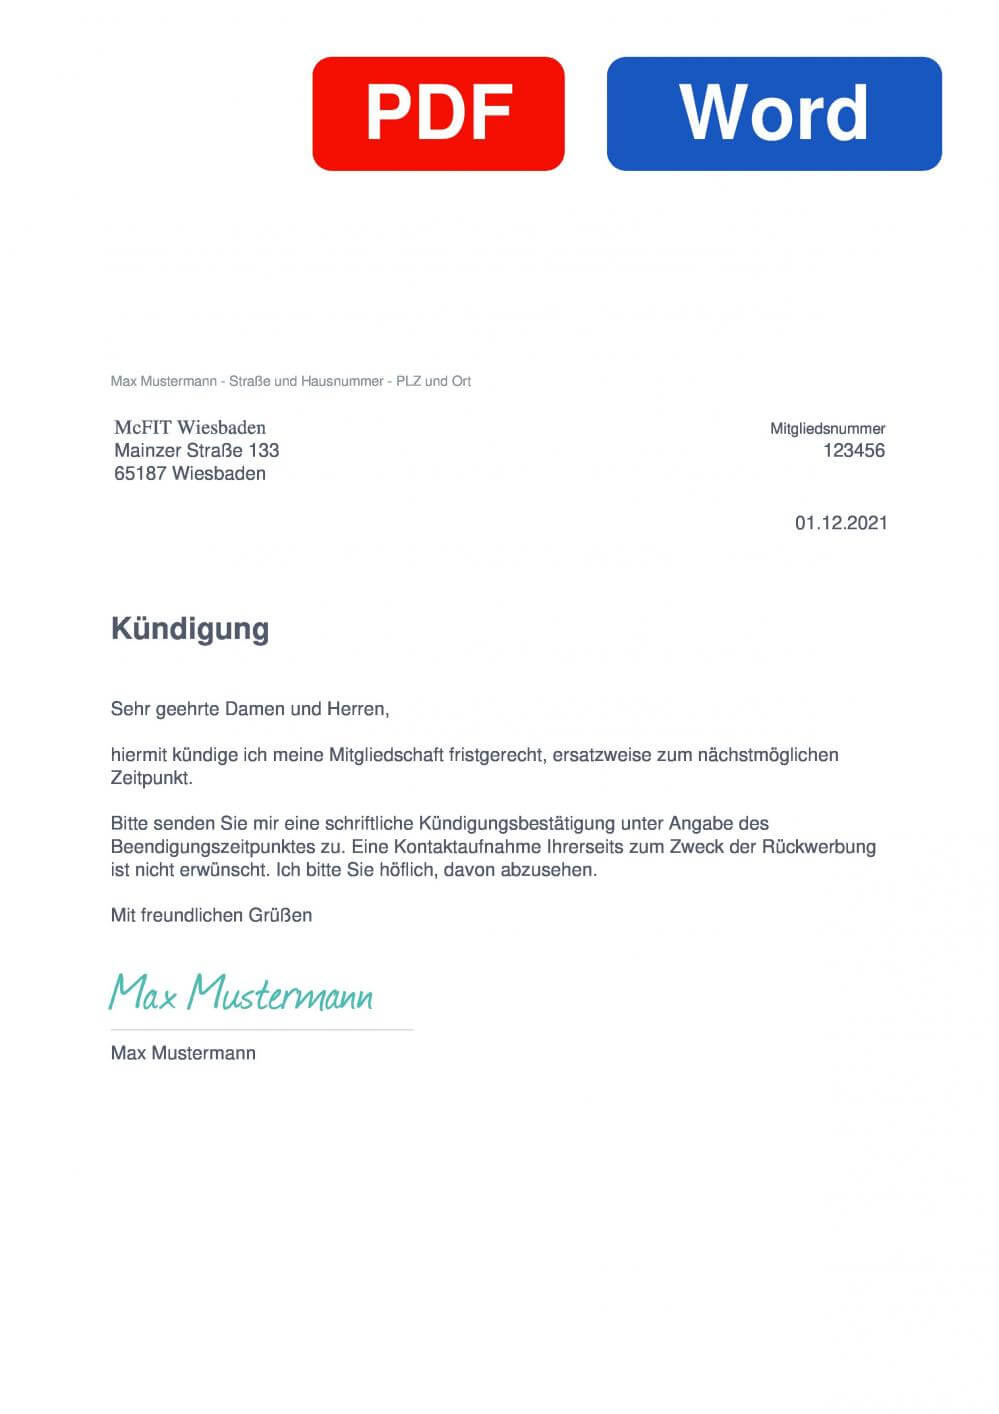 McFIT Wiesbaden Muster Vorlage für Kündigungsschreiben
────────────────
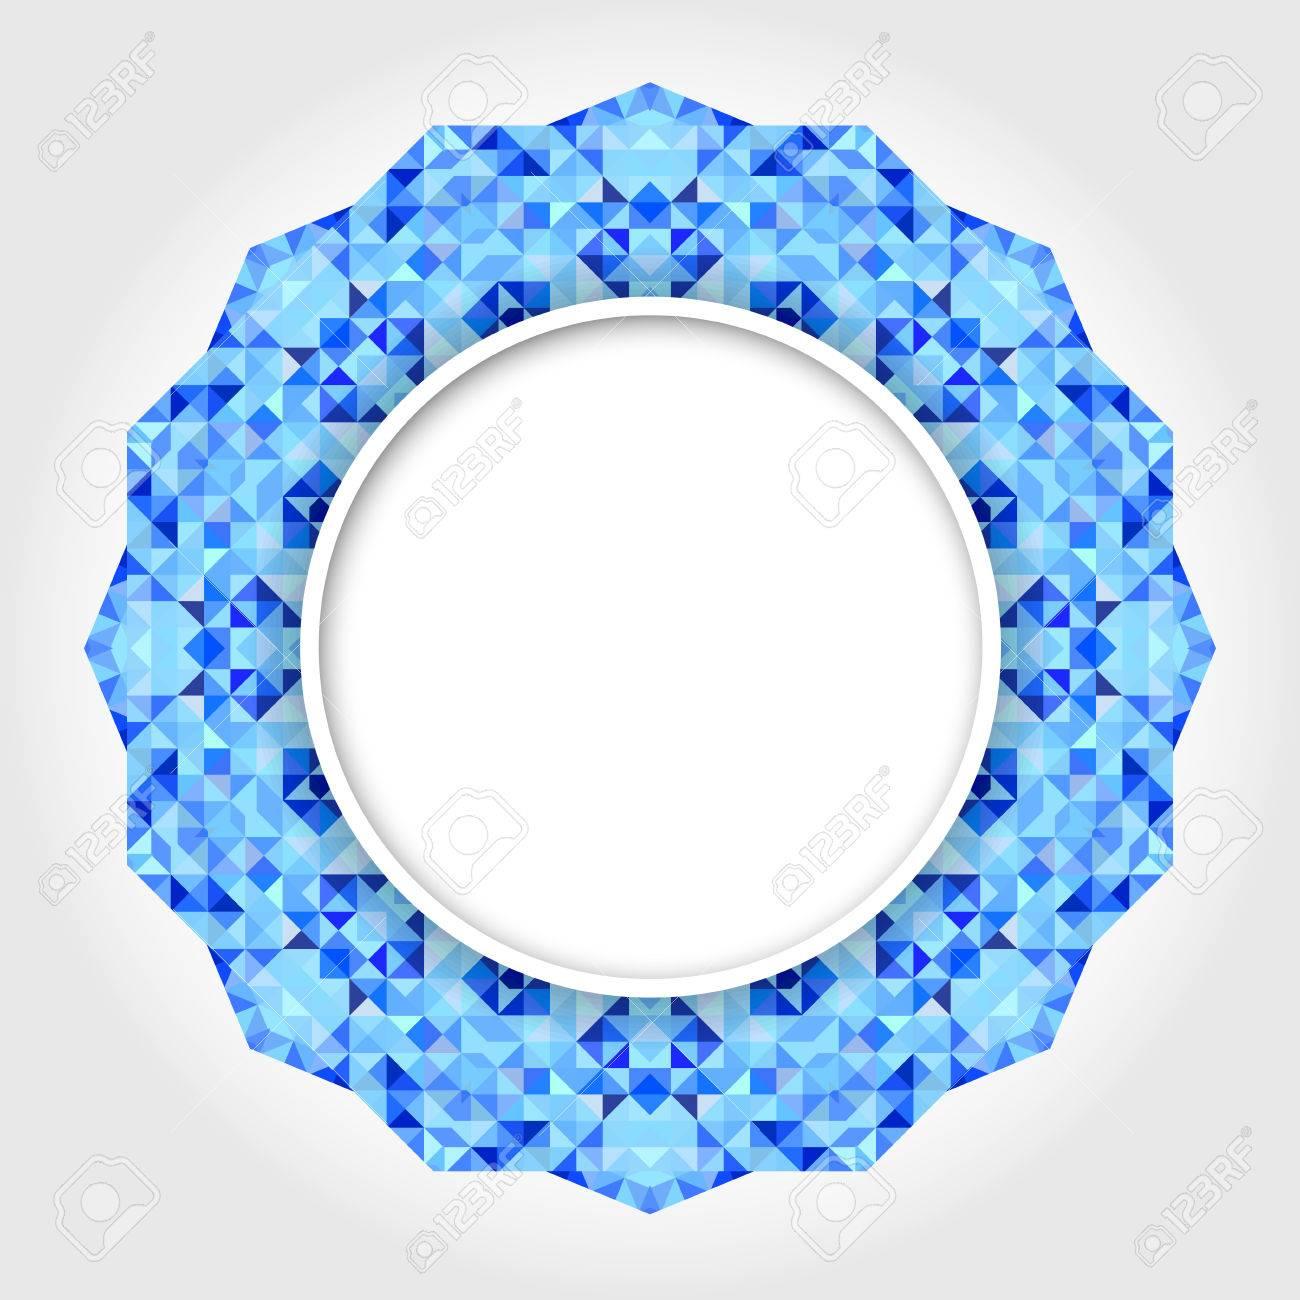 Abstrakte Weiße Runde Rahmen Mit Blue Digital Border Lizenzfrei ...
────────────────
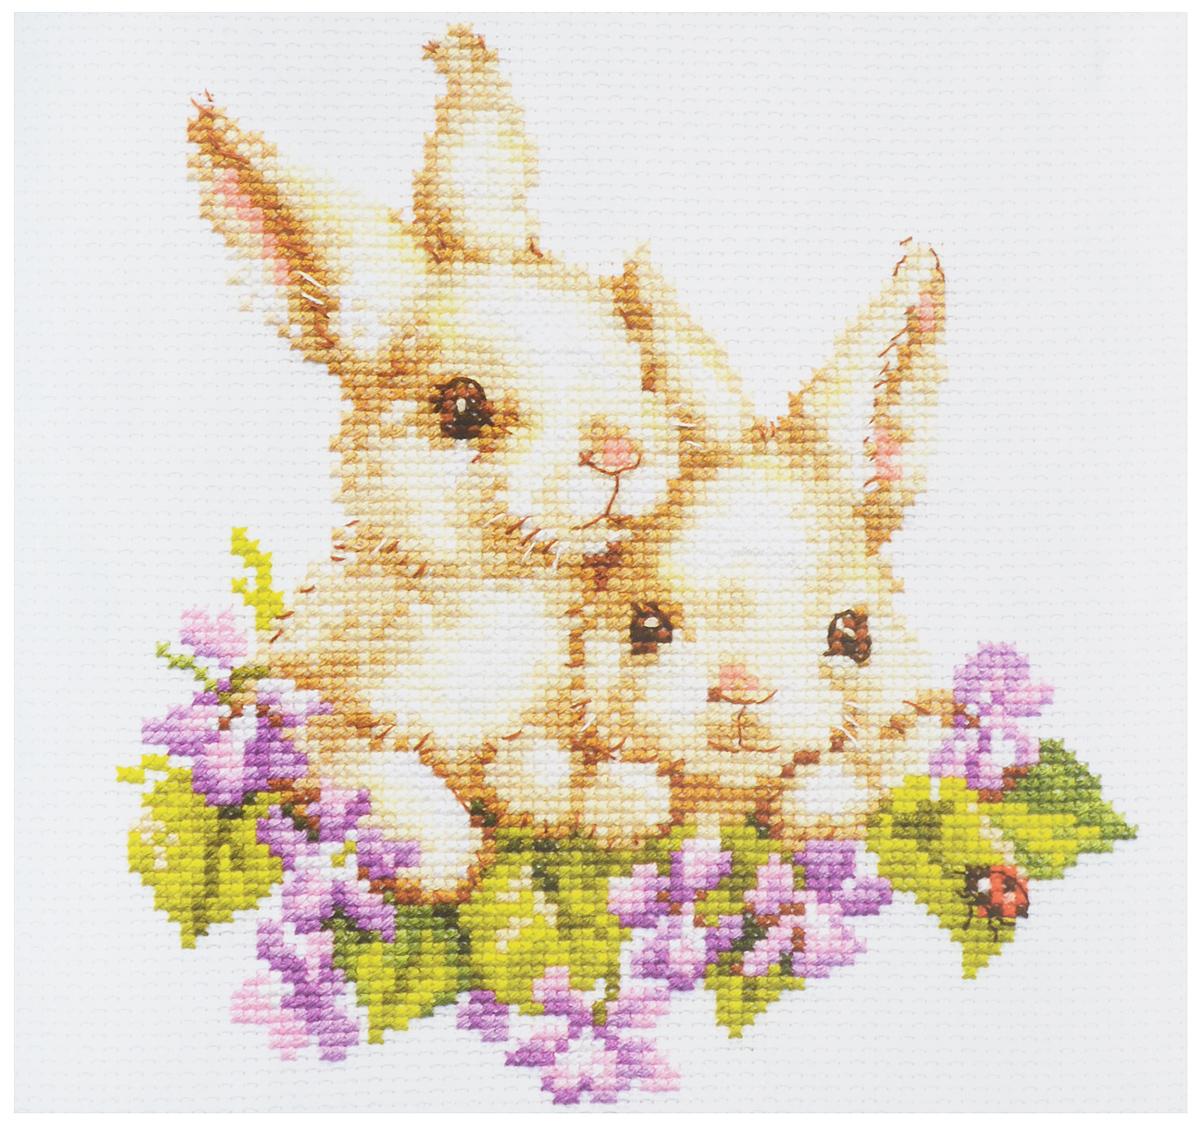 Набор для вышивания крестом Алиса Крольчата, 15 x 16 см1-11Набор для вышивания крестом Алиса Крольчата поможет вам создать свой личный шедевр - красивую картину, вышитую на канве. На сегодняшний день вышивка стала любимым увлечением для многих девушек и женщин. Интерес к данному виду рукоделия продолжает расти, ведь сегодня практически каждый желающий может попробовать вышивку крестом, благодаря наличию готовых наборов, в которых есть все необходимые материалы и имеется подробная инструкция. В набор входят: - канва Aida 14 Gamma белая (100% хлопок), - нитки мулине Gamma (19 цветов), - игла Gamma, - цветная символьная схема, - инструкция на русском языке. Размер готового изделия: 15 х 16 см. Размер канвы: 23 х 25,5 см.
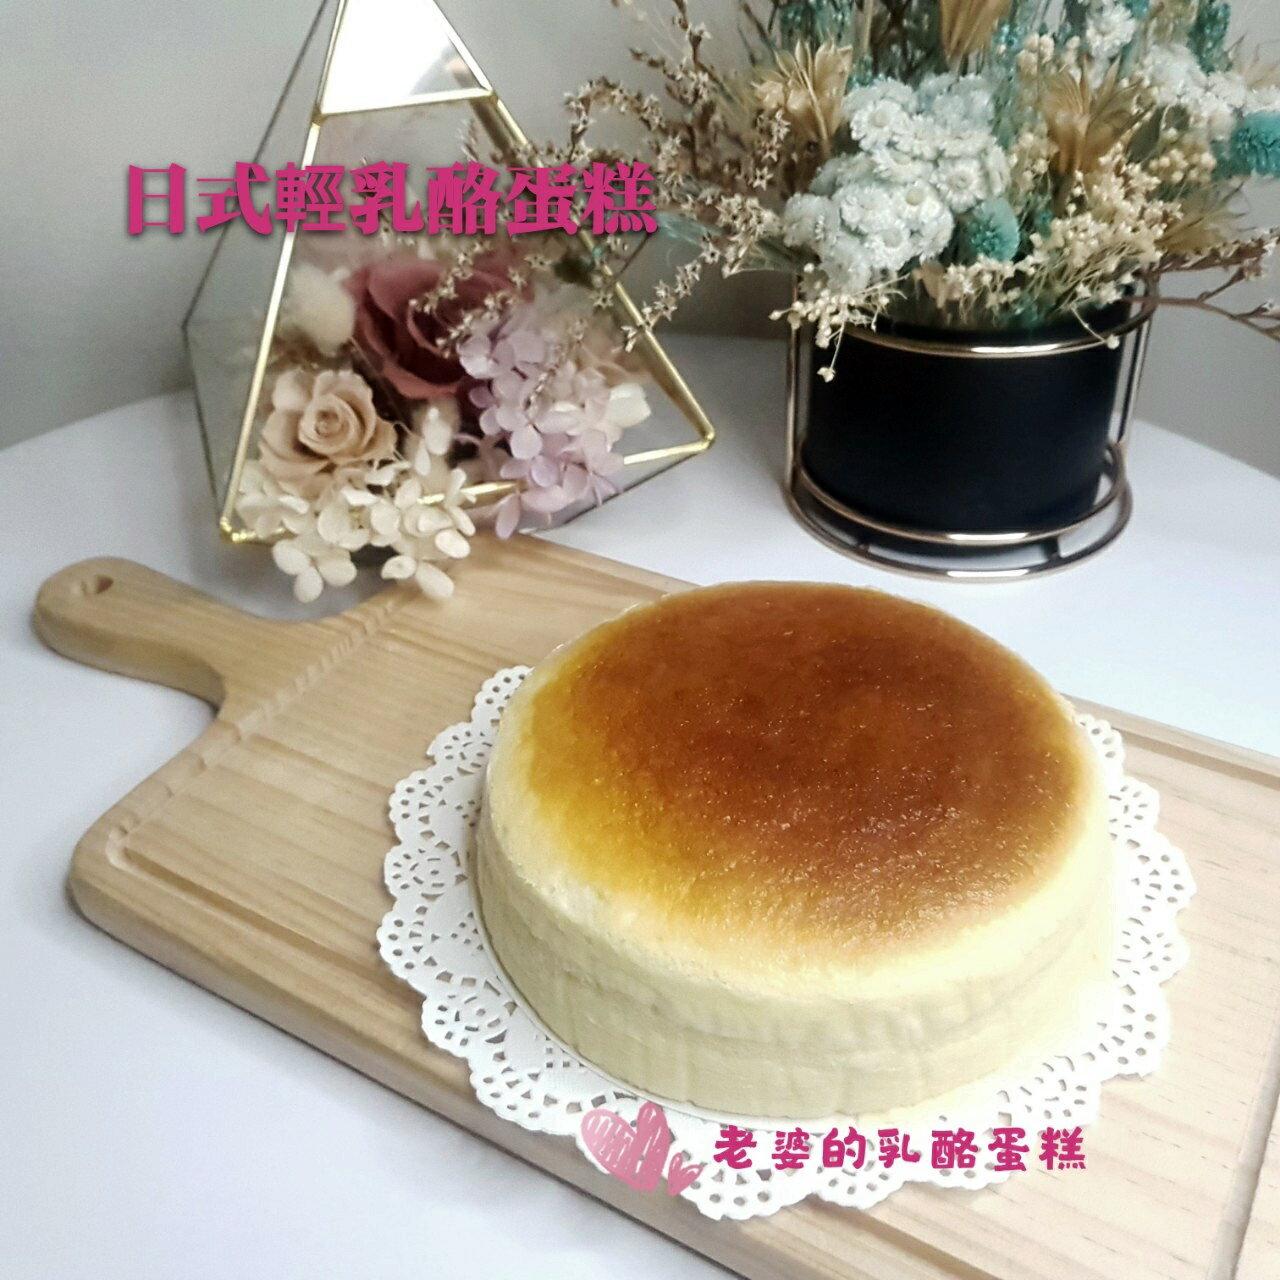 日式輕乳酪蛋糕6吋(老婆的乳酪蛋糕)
────────────────
**Your objective**
Within the listing above, write out the stretch from the line with "Набор для вышивания крестом Алиса Крольчата, 15" through the line with "日式輕乳酪蛋糕6吋(老婆的乳酪蛋糕)" exactly. Any pictures are to be left out.

**Reply**
 Набор для вышивания крестом Алиса Крольчата, 15 x 16 см1-11Набор для вышивания крестом Алиса Крольчата поможет вам создать свой личный шедевр - красивую картину, вышитую на канве. На сегодняшний день вышивка стала любимым увлечением для многих девушек и женщин. Интерес к данному виду рукоделия продолжает расти, ведь сегодня практически каждый желающий может попробовать вышивку крестом, благодаря наличию готовых наборов, в которых есть все необходимые материалы и имеется подробная инструкция. В набор входят: - канва Aida 14 Gamma белая (100% хлопок), - нитки мулине Gamma (19 цветов), - игла Gamma, - цветная символьная схема, - инструкция на русском языке. Размер готового изделия: 15 х 16 см. Размер канвы: 23 х 25,5 см.
 日式輕乳酪蛋糕6吋(老婆的乳酪蛋糕)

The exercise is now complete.